= The European Youth Congress series =

The European Youth Congress (EYC) is a series of bi-annual gatherings of around 100 young people from European countries, who meet to discuss current global social issues. It is operated by Peace Child International (PCI), a UK-based charity. Its aim is to encourage young people from European countries to take an active role in 'making a difference' to the world that they live in. The main focus of the Congress changes from year to year, and subjects of conversation have included: Climate change, Environmental issues, the World economy, and young people with fewer opportunities (YPFOs).

==Congresses==
Information on congresses has been taken from the website of Peace Child International.

===The First EYC - St Donat's Castle, Wales, UK (August 2004)===
The first congress, hosted in the attractive surroundings of the UK's United World College, Atlantic College, was a conscious Prepcom for the 3rd World Youth Congress in Scotland. Co-hosted by the Scottish Youth Parliament, all the workshop sessions focused on issues of volunteerism, social responsibility and international development to be discussed at the Scottish World Youth Congress. This EYC was perhaps most memorable for the moment when the bus carrying delegates to Scotland broke down causing everyone to stay overnight in Birmingham before traveling on to Stirling Scotland, where they took part in the Ministerial Announcement of the Congress.

===The Second EYC - Mürzzuschlag, Austria (August 2007)===
"It's Your Turn" was a 6-day event destined at European youth leaders and aimed at exploring good practice in youth-led community improvement project management. A mentored process, hosted in distinctive locations around the town (a ski museum, an 18th-century coffee bar, a railway carriage museum etc.) trained them in needs assessment and prioritisation, project design, scheduling, budgeting, permissions, resource and volunteer mobilisation, project implementation, evaluation and reporting. The meeting also had an excellent cultural programme and a fun opening day in the Mürzzuschlag ropes park – where the team developed trust in each other.

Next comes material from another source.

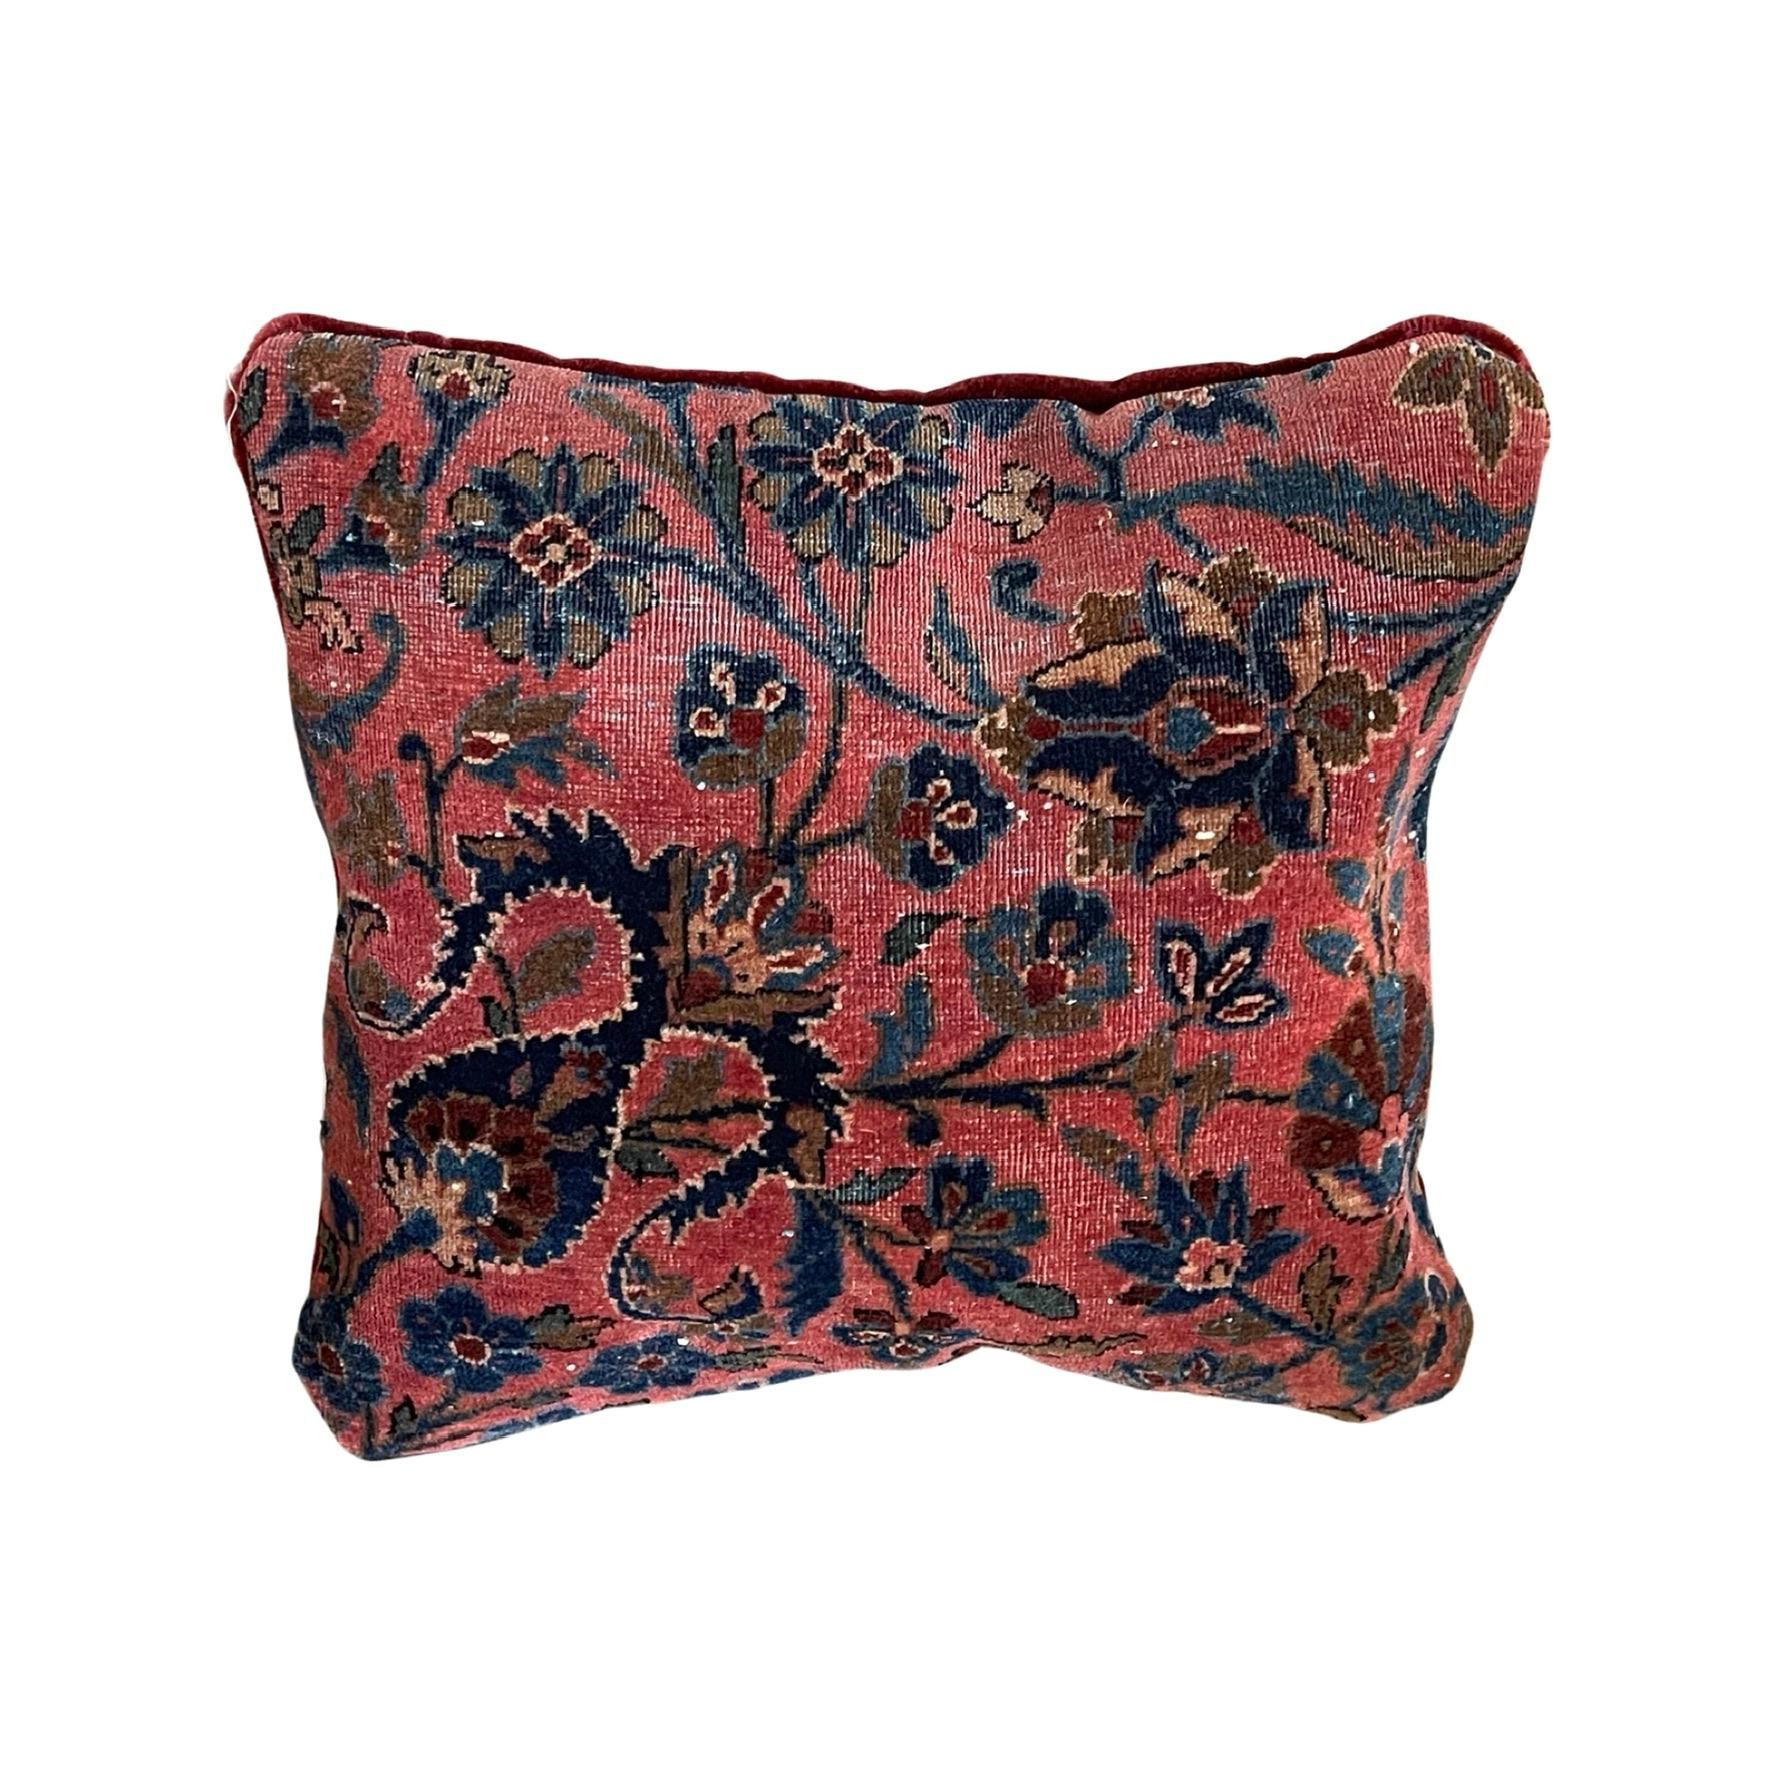 Bring charm of an antique rug into areas other than your floor! This pillow which was made using an antique Persian rug from the early 1900’s comes stuffed with cotton filling and backing is as shown in the pictures with an accessible zipper to

There was also a session discussing the EU-Africa Strategy with young Africans, and a World Café discussing issues to be raised at the 2008 World Youth Congress in Quebec City, Canada. On the final day, the congress delegates were bussed to Vienna, where some of their project ideas were presented to, and discussed by a panel of experts at the UN Office in Vienna. The Congress closed with a day in the Austrian Alps – visiting the historic and natural sites of special interest. A book on Youth-led Development was reviewed and analysed by delegates, and published by the Schumacher Society after the end of the congress. The partners, Peace Child International, and United Games Austria also produced a handbook, It's Your Turn, listing all the projects developed by delegates during the Congress.

===The Third EYC - Izola, Slovenia (August 2009)===
The third EYC is a response to the growing young people's apathy in Europe. Besides trying to teach the right approach to criticism, the Congress enlightened an area considered as a taboo topic – the inclusion of young people with fewer opportunities (YPFO) in decision-making processes. As the YPFOs are considered to be all young people that have had difficulties to integrate in the society due to their background (mental or physical disability, ethnic or difficult family background, socio-economical status, sex orientation, criminal past, being an early school dropper, living in a remote area etc.), the event raised awareness about this specific group of young people that amount to 73 million in the European Union. The Conference was co-organized by No Excuse and United Games of Nations Slovenia.